▶ _AVAILABLE DATA_
————————
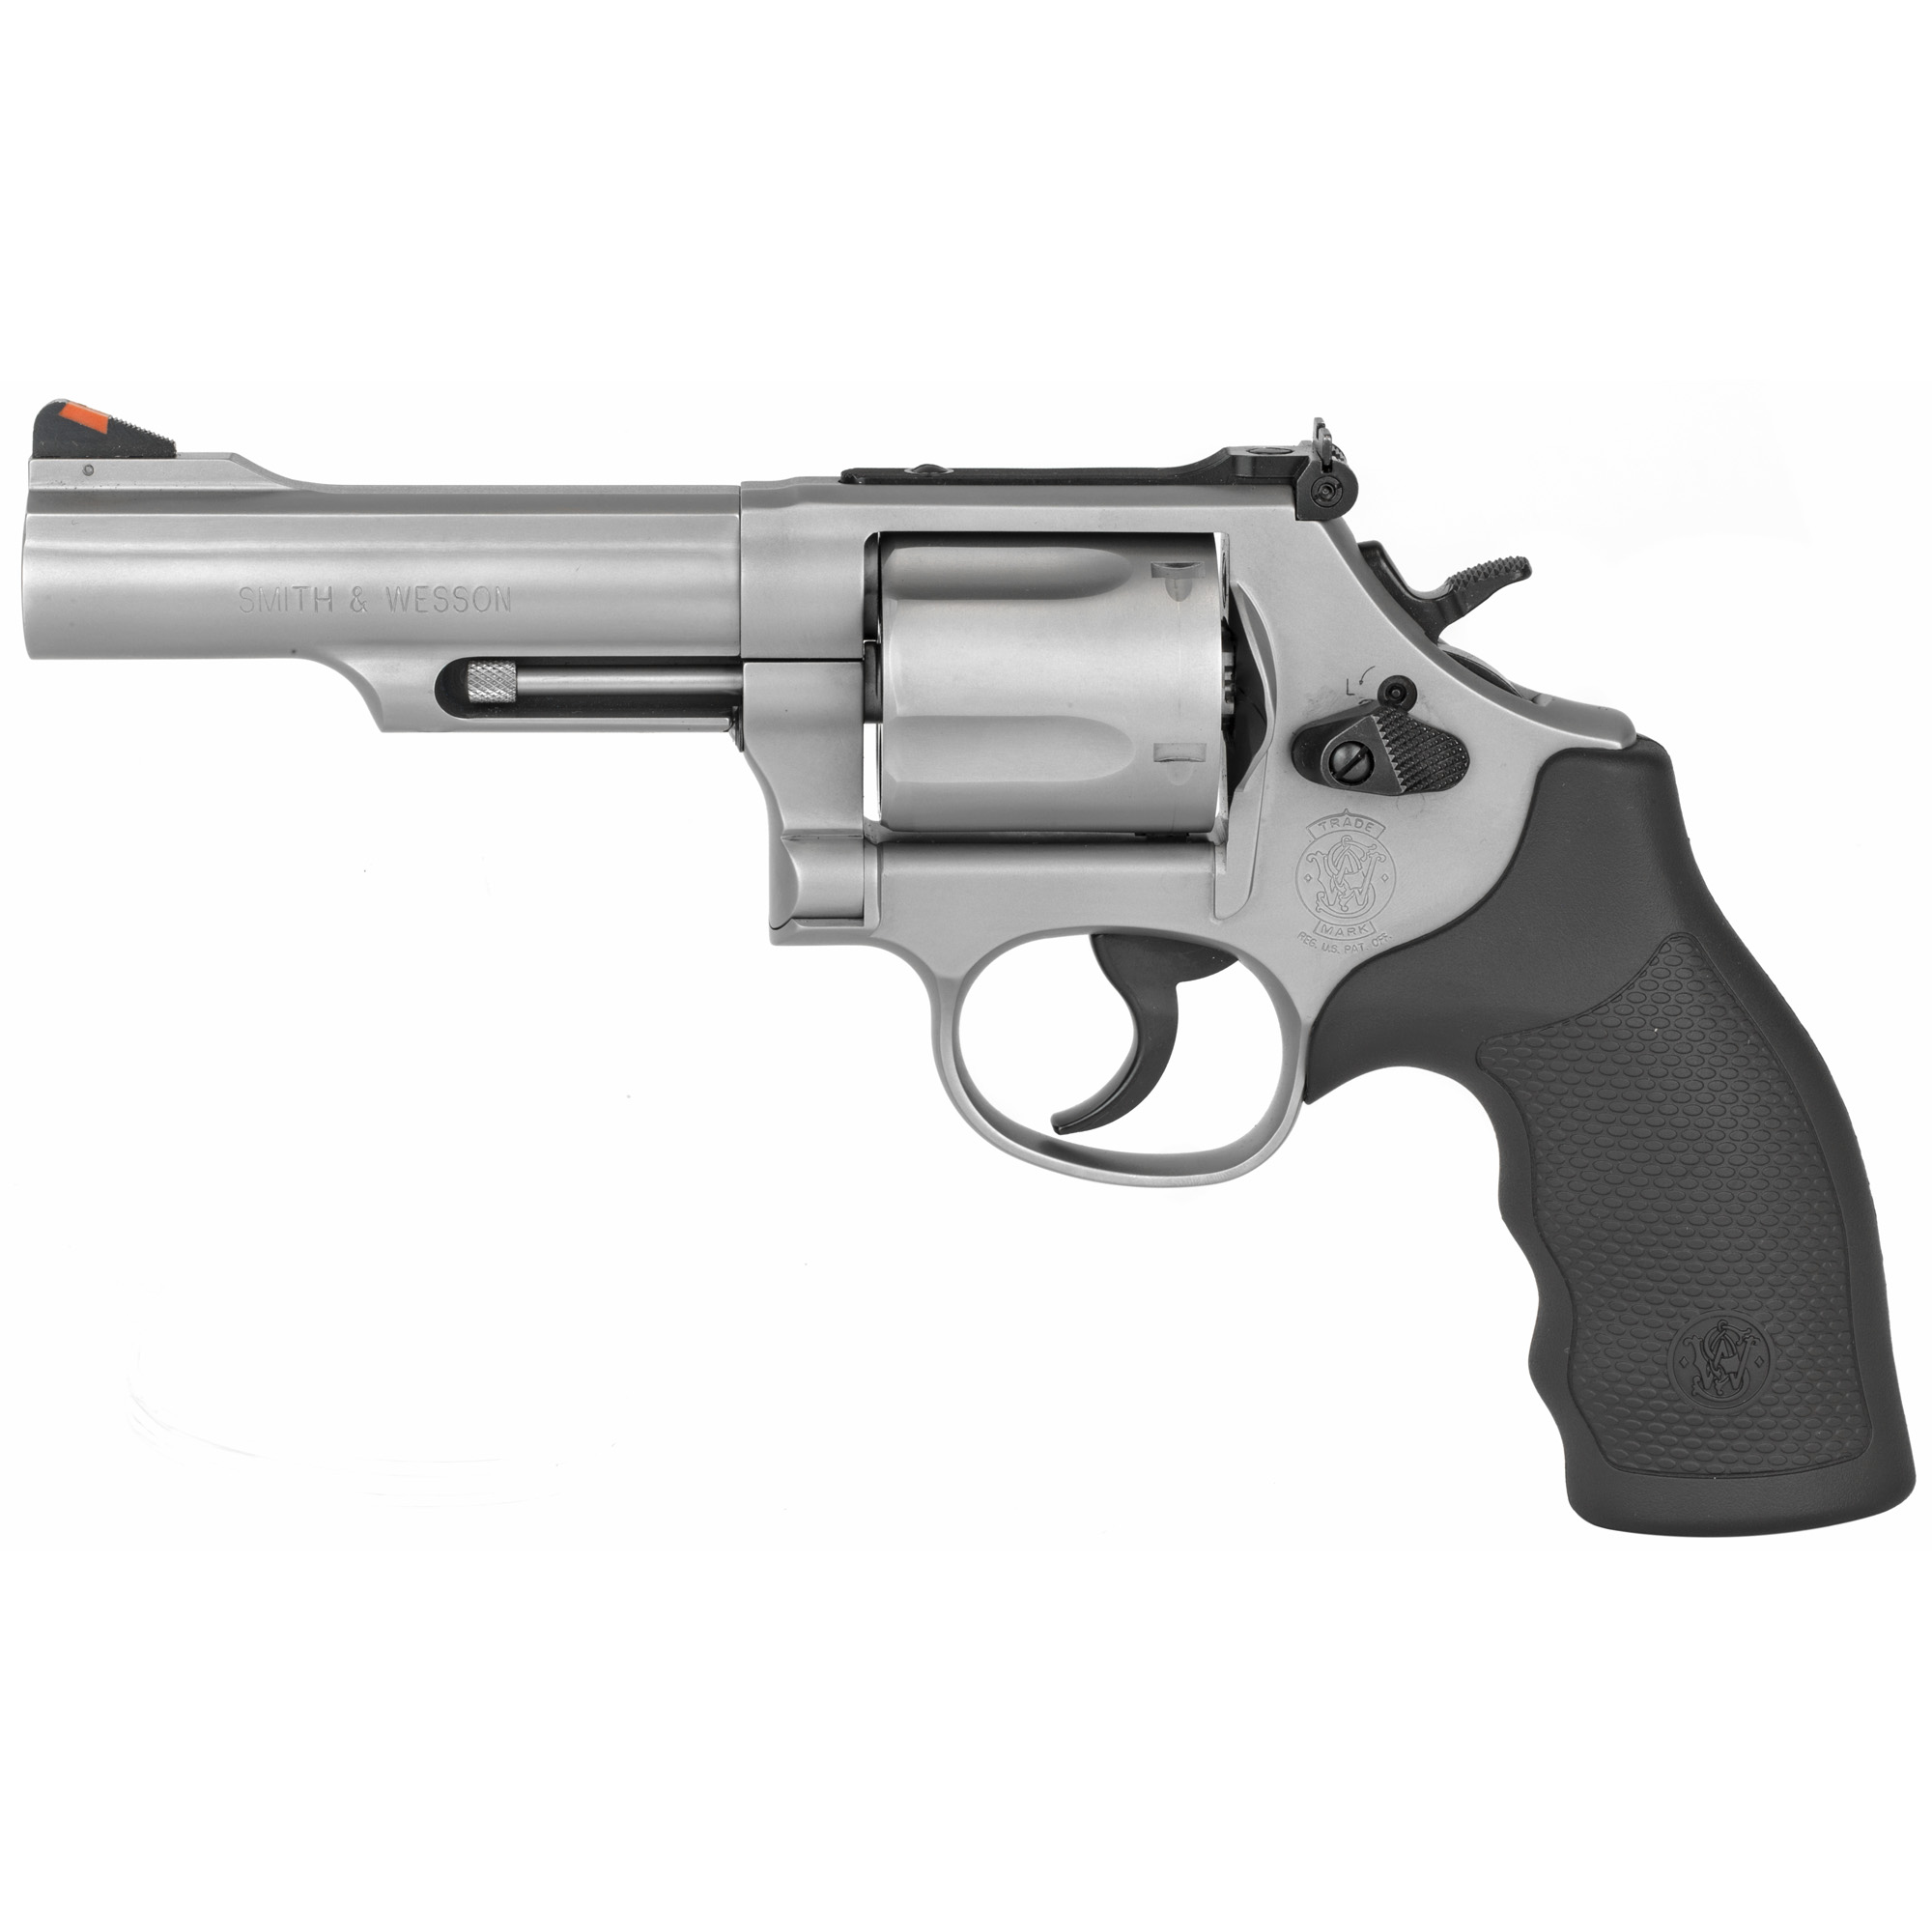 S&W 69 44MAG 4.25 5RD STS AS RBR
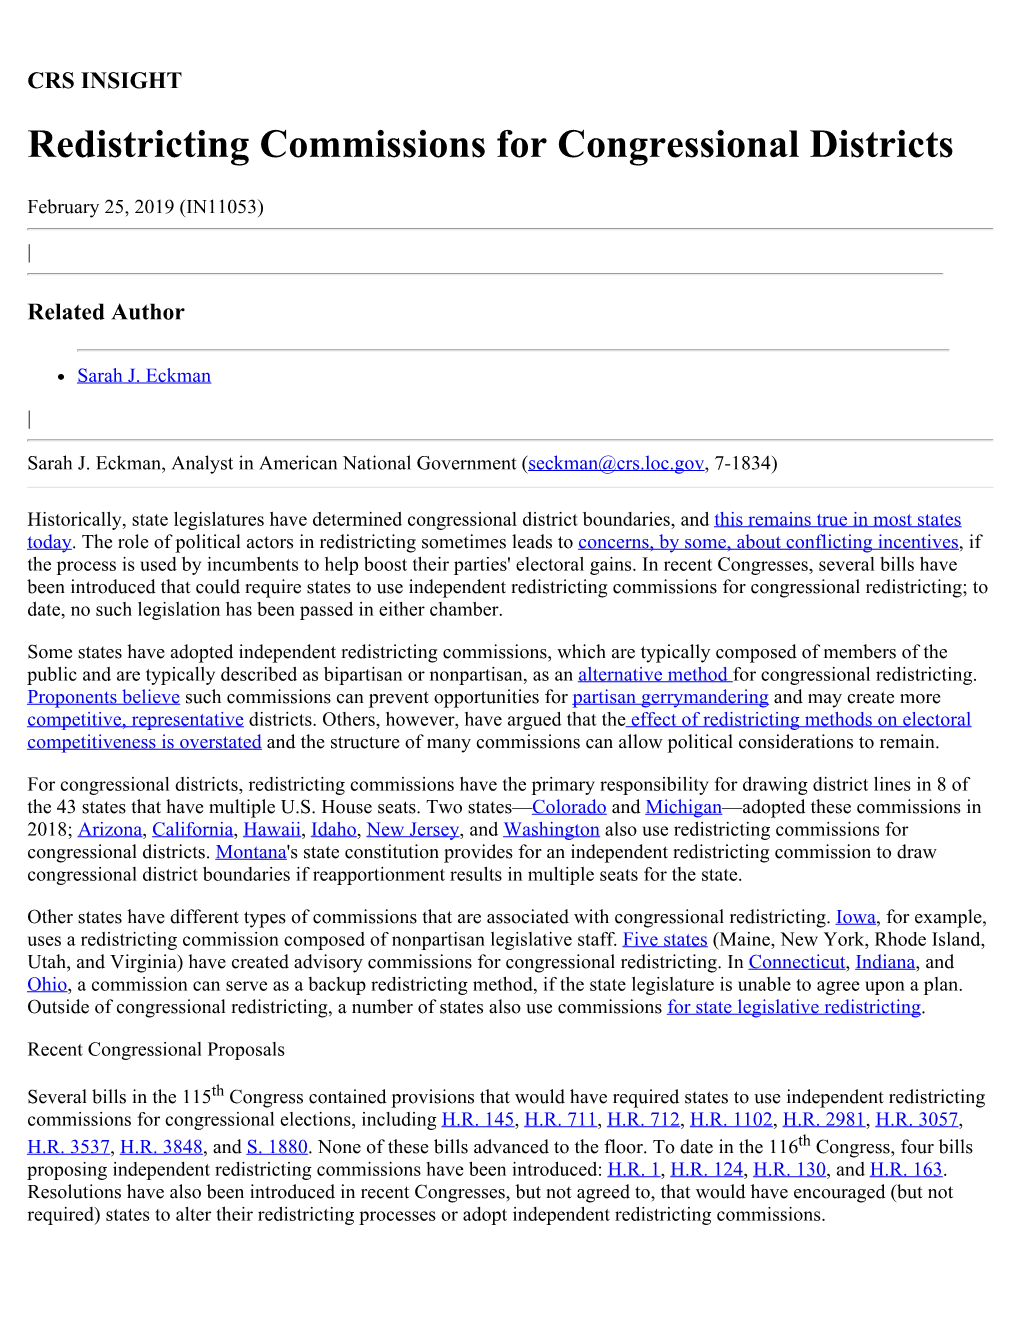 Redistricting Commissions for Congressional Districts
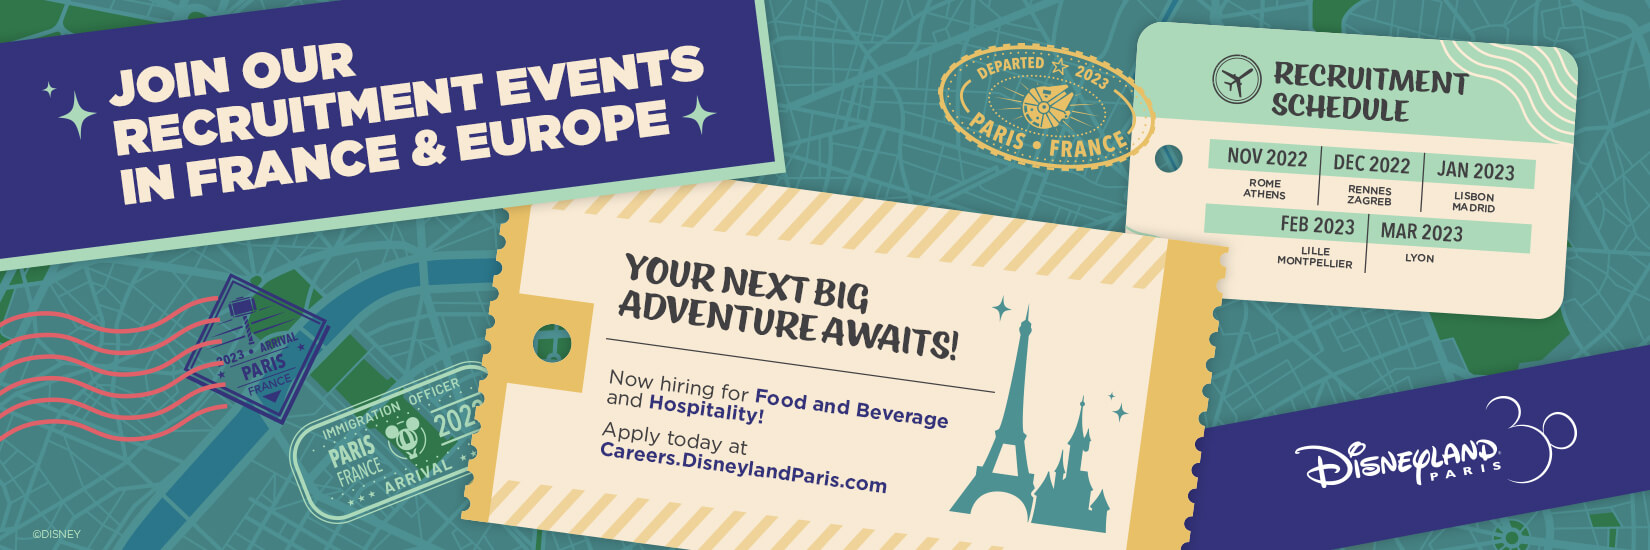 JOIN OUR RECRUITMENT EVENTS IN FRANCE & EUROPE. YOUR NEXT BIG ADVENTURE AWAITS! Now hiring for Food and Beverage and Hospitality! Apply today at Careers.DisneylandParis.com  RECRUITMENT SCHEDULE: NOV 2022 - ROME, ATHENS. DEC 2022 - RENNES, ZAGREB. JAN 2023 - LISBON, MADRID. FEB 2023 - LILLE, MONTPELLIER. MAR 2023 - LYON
————————
▶ _DIRECTIONS_
Give back the material word for word and drop the pictures it holds.

▶ _WRITTEN RESPONSE_
 S&W 69 44MAG 4.25 5RD STS AS RBR
 Redistricting Commissions for Congressional Districts
 JOIN OUR RECRUITMENT EVENTS IN FRANCE & EUROPE. YOUR NEXT BIG ADVENTURE AWAITS! Now hiring for Food and Beverage and Hospitality! Apply today at Careers.DisneylandParis.com  RECRUITMENT SCHEDULE: NOV 2022 - ROME, ATHENS. DEC 2022 - RENNES, ZAGREB. JAN 2023 - LISBON, MADRID. FEB 2023 - LILLE, MONTPELLIER. MAR 2023 - LYON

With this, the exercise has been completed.